An unexpected tumour of the finger: review and management
Published in Case Reports in Plastic Surgery and Hand Surgery, 2019
N. Jumper, E. Caffrey, N. McInerney
One month following referral, the patient underwent excision biopsy of the lesion which was not found to be communicating with bone, nerve or tendon and the intra-operative impression was that of a ganglion cyst (Figure 2). The initial histopathology examination reported a circumscribed multinodular predominantly solid tumour (Figure 3(a,b)) ulcerating the overlying epidermis. There were focal papillary projections with tubular/ductal structures (Figure 3(c)) where ducts were lined by a double layer of epithelium consisting of inner cuboidal cells and an outer myoepithelial layer (Figure 3(d,e,f,g)).
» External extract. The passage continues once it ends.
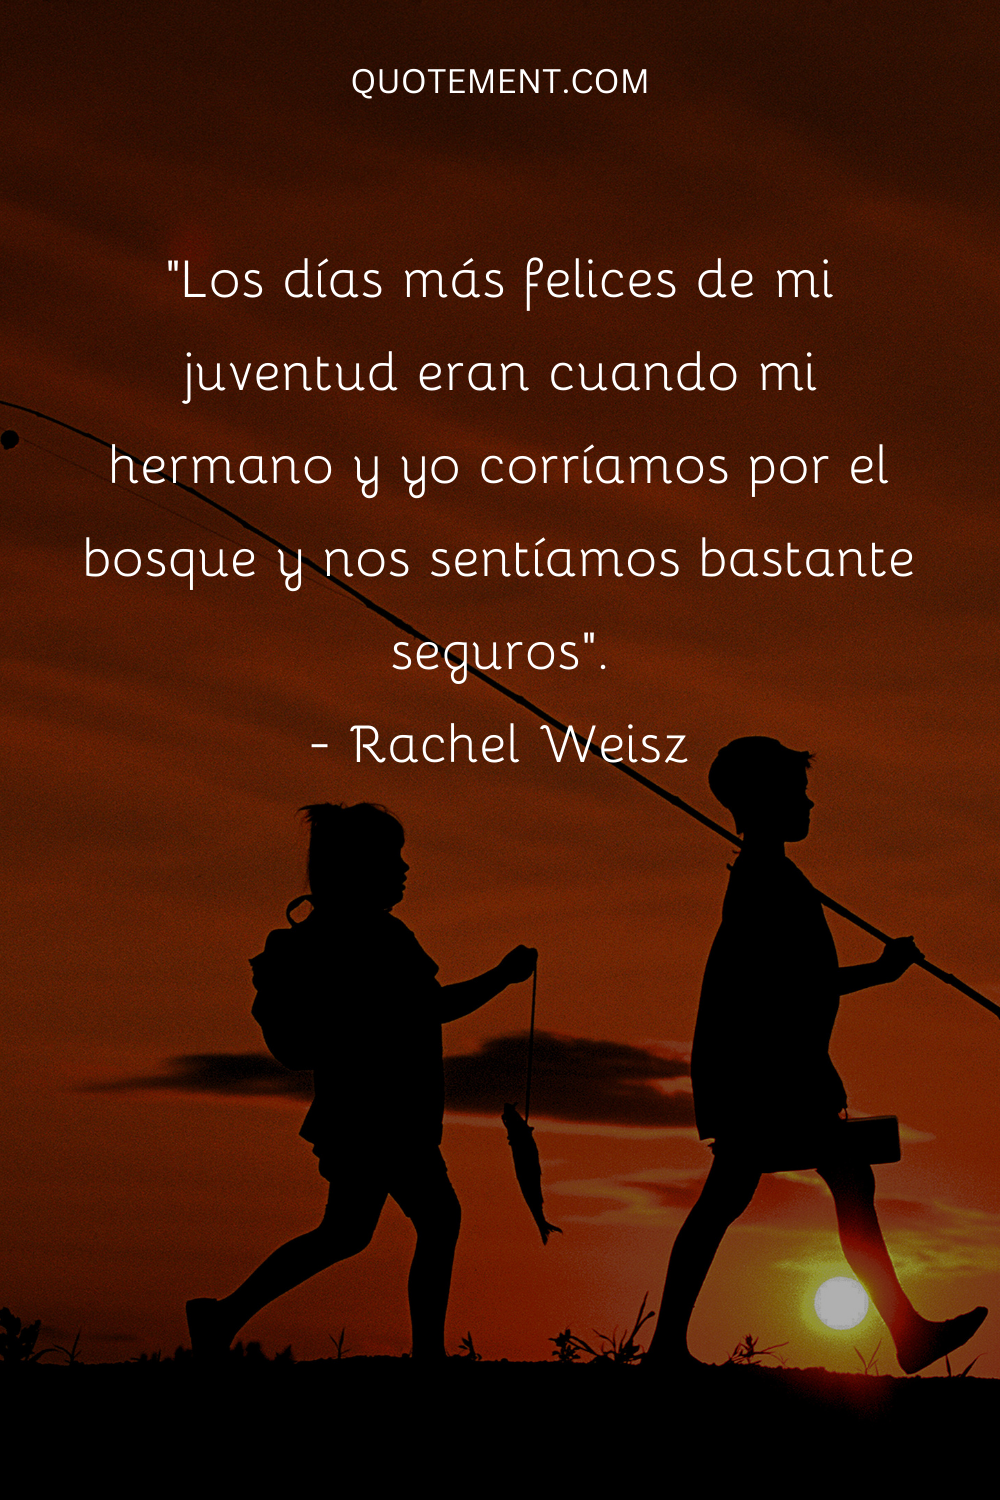 "Los días más felices de mi juventud eran cuando mi hermano y yo corríamos por el bosque y nos sentíamos muy seguros". - Rachel Weisz
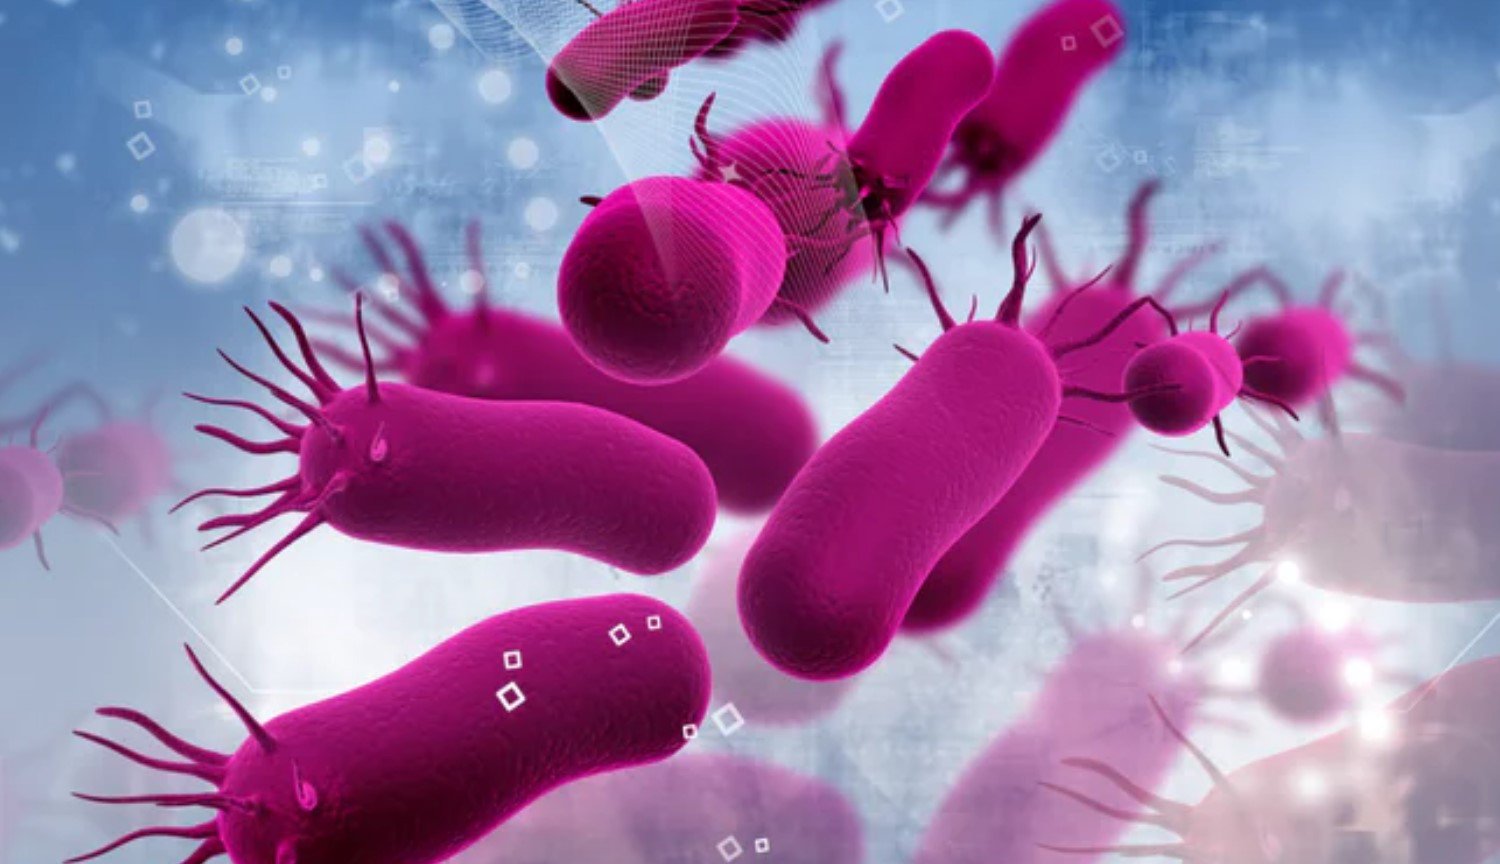 Zombie-tilstand: forskere har opdaget en ny tilstand af bakterier

There was also evidence of lymphovascular invasion (Figure 3(h,i)), focally high mitotic activity (Figure 3(j)) and the tumour was shown to abut the margins. Immunohistochemistry was performed (Table 1) confirming a myoepithelial cell population expressing smooth muscle actin, calponin, D2-40 (Figure 3(i)) and p63 (Figure 3(f)). The tumour was classified as digital papillary adenocarcinoma. The histopathology sections were sent to an external institution for expert opinion and the diagnosis affirmed with recommendation of complete excision and close follow-up. This recommendation was echoed when the case was discussed at the local multi-disciplinary meeting.